19. If there are other matters or special reasons, Party A and Party B shall sign a supplementary agreement according to the actual situation as a supplementary explanation and agreement of this contract, which also has legal effect.
20. This contract is made in quintuplicate, with each party holding five copies, all of which have the same legal effect.
Party A (official seal): _ _ _ _ Party B (official seal): _ _ _ _ _
Legal representative (signature): _ _ _ _ _ Legal representative (signature): _ _ _ _ _
_ _ _ _ _ _ _ _ _ _ _ _ _ _ _ _ _ _ _ _ _ _ _ _ _ _ _ _ _ _ _ _ _ _ _ _ _ _ _ _
Model design consulting service contract II
Customer (Party A):
Organizer (Party B):
Through friendly negotiation between Party A and Party B, Party A decides to entrust Party B with architectural design consultation. In order to ensure the smooth progress of the work, this contract (including its annexes and all supplementary contracts) is hereby signed in accordance with relevant national regulations for * * * to abide by.
1. The address of the project for which Party A needs design consultation is, with a building area of square meters. Party B is now officially entrusted to consult and design the building energy-saving scheme.
Two. mode of payment
After 1, Party B shall pay 30% of the total design fee to Party A, namely RMB 3 15000.00 Yuan, three hundred and fifteen thousand Yuan only. The other 70% energy-saving scheme design consulting service fee is RMB 735,000.00 Yuan, RMB 735,000 Yuan only, and all fees shall be paid within 7 days after the energy-saving acceptance of the project.
2) Party B has the right to stop the design and consulting service because Party A fails to pay the design and consulting service fee in time. Party B shall pay 10% of the total daily liquidated damages for overdue payment of design consulting service fees.
3) The above amount does not include tax. If Party A needs to issue an engineering invoice, it shall pay Party B 17% of the total design consulting service fee.

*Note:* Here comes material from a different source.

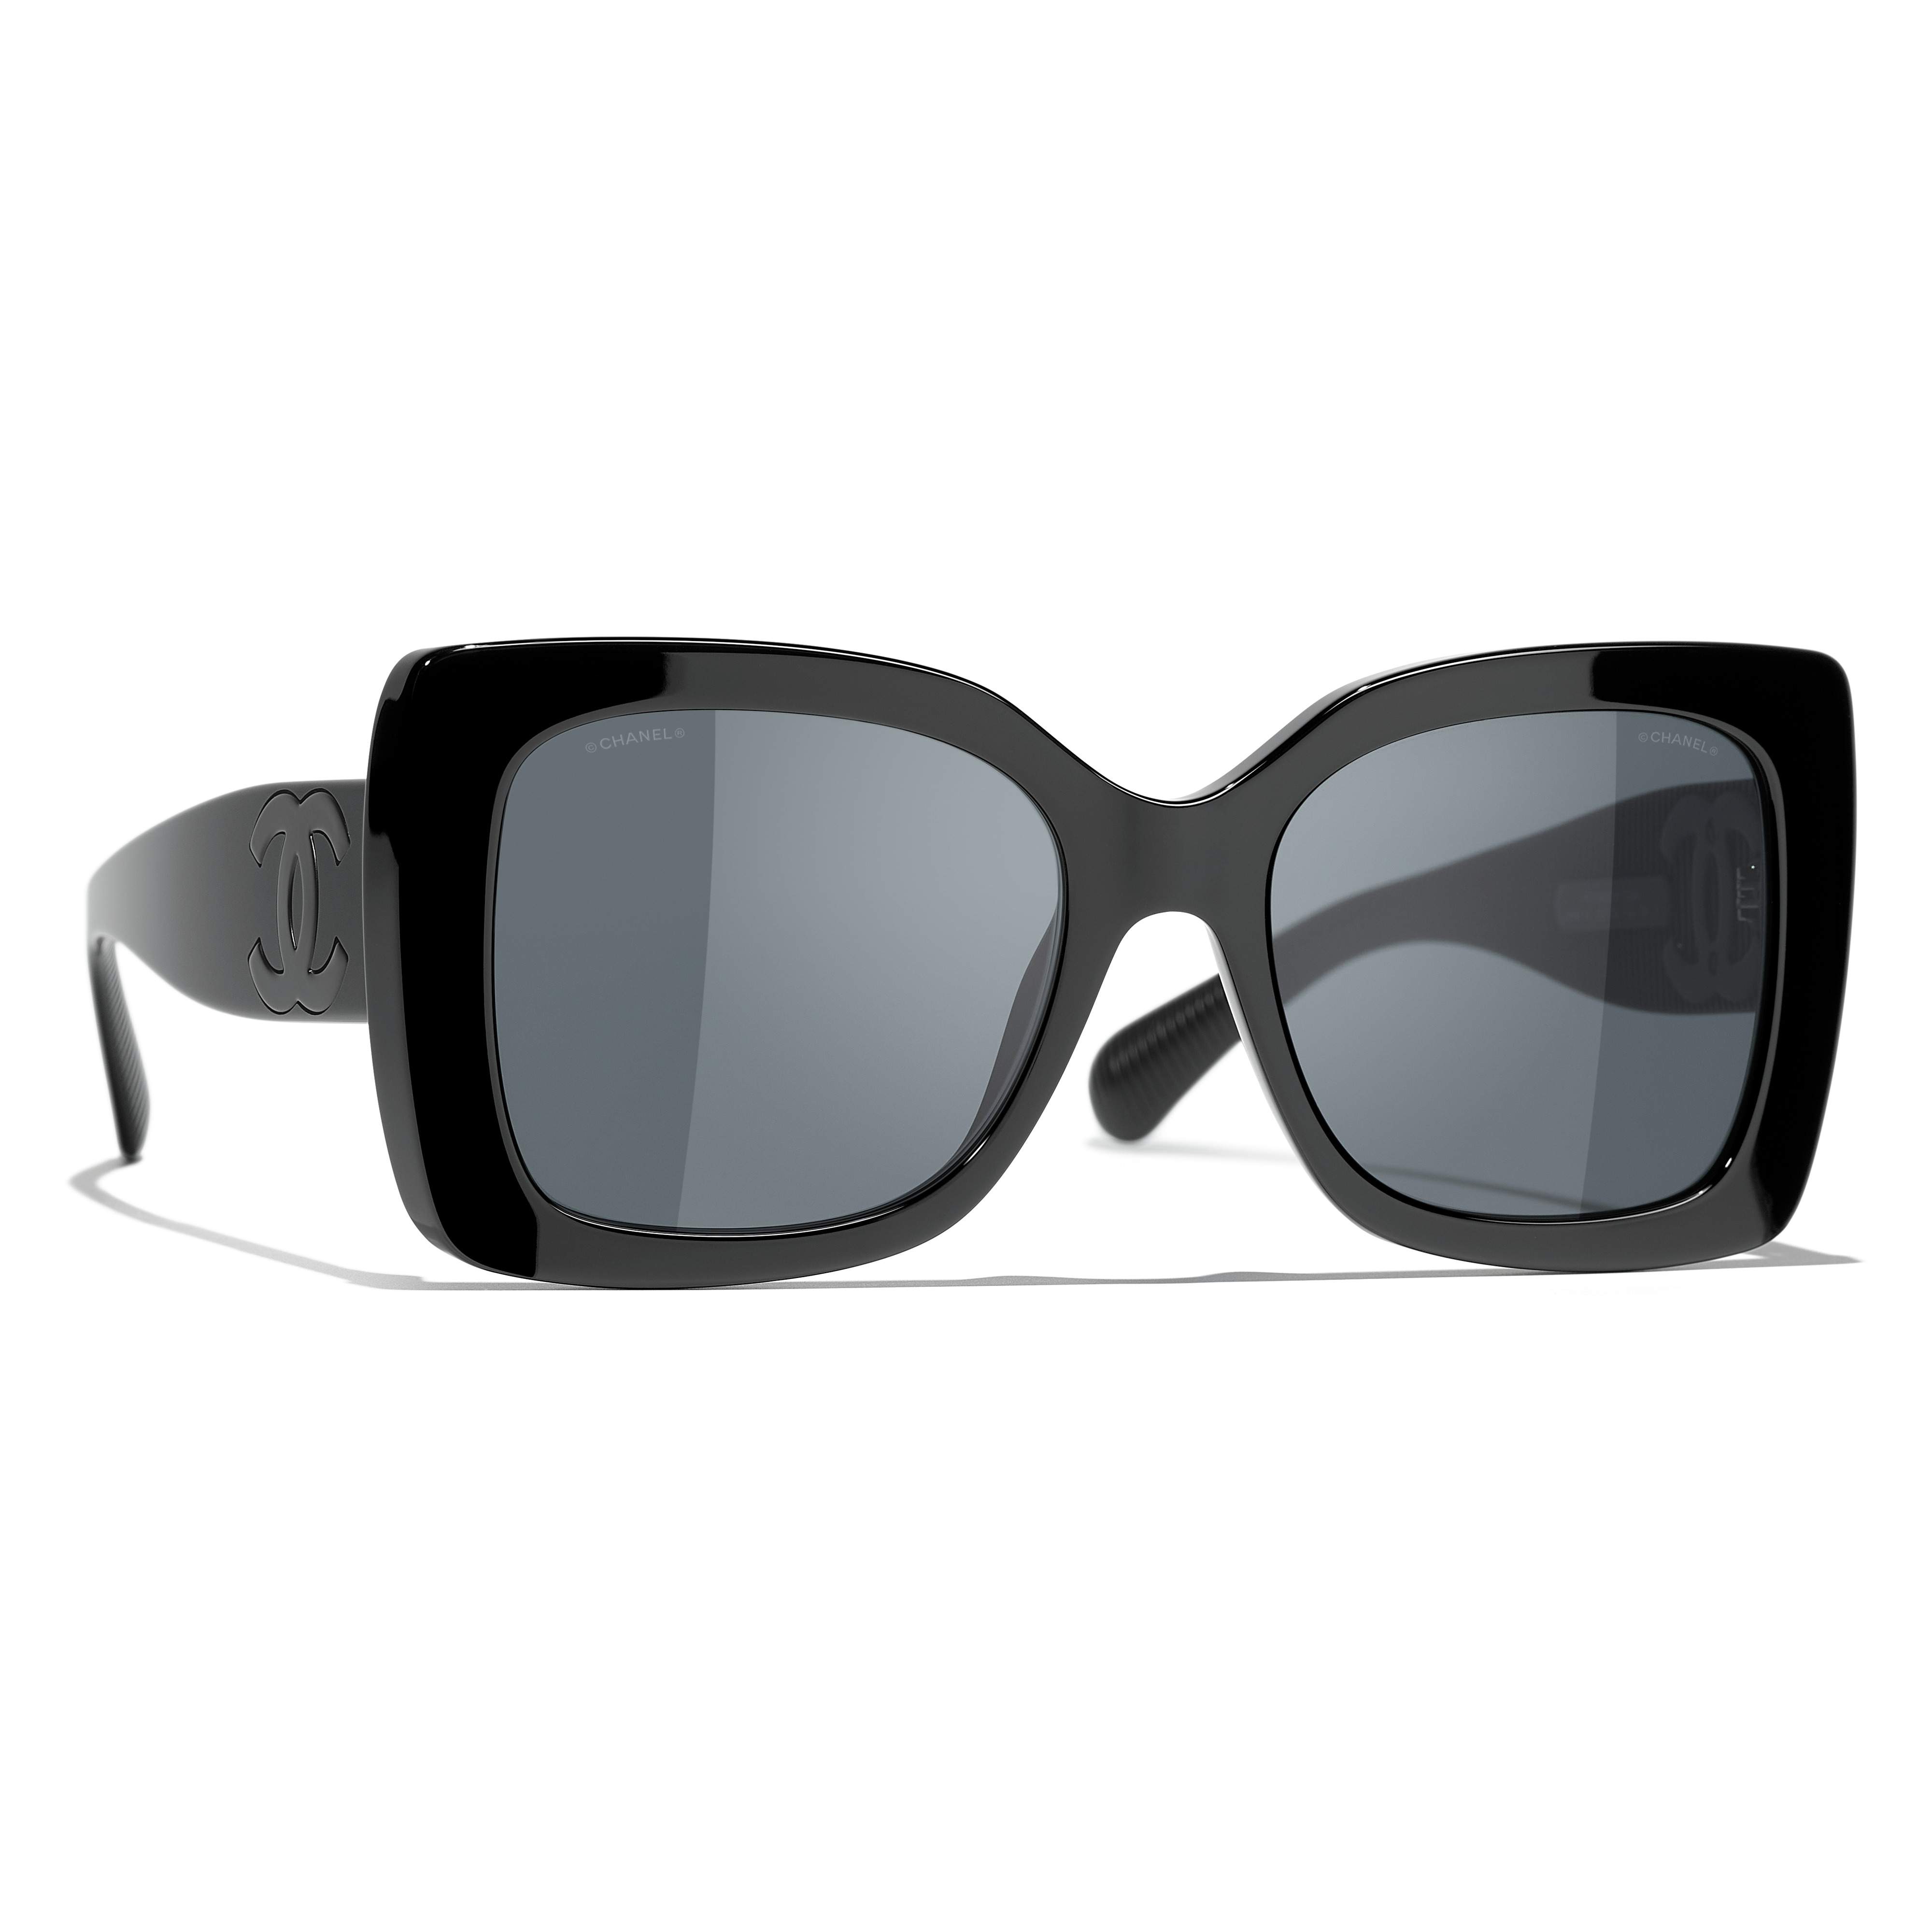 Sunglasses CHANEL CH5494 C888S4 53-18 Black in stock, Price 258,33 €

Three. Obligations of Party B
1) The day after Party B receives the down payment for design consulting service, it will start the design consulting service according to the original architectural drawings and site photos provided by Party A. Both parties agree that the design scheme at this stage should be completed within days from the date of signing this contract.
2) Party B is responsible for coordinating the original energy-saving design (external wall internal insulation) with the original design unit to meet the acceptance conditions.
3) Party B shall keep Party A's project information confidential, and the losses caused to Party A due to Party B's disclosure shall be borne by Party B. ..
Four. Obligations of Party A
1) Coordinate with local functional departments to meet the acceptance conditions of the glass part of the external wall of the project.
2) The internal insulation construction of the external wall of the office building of this project meets the acceptance conditions.
3) Party A is responsible for all expenses in the process of energy-saving acceptance.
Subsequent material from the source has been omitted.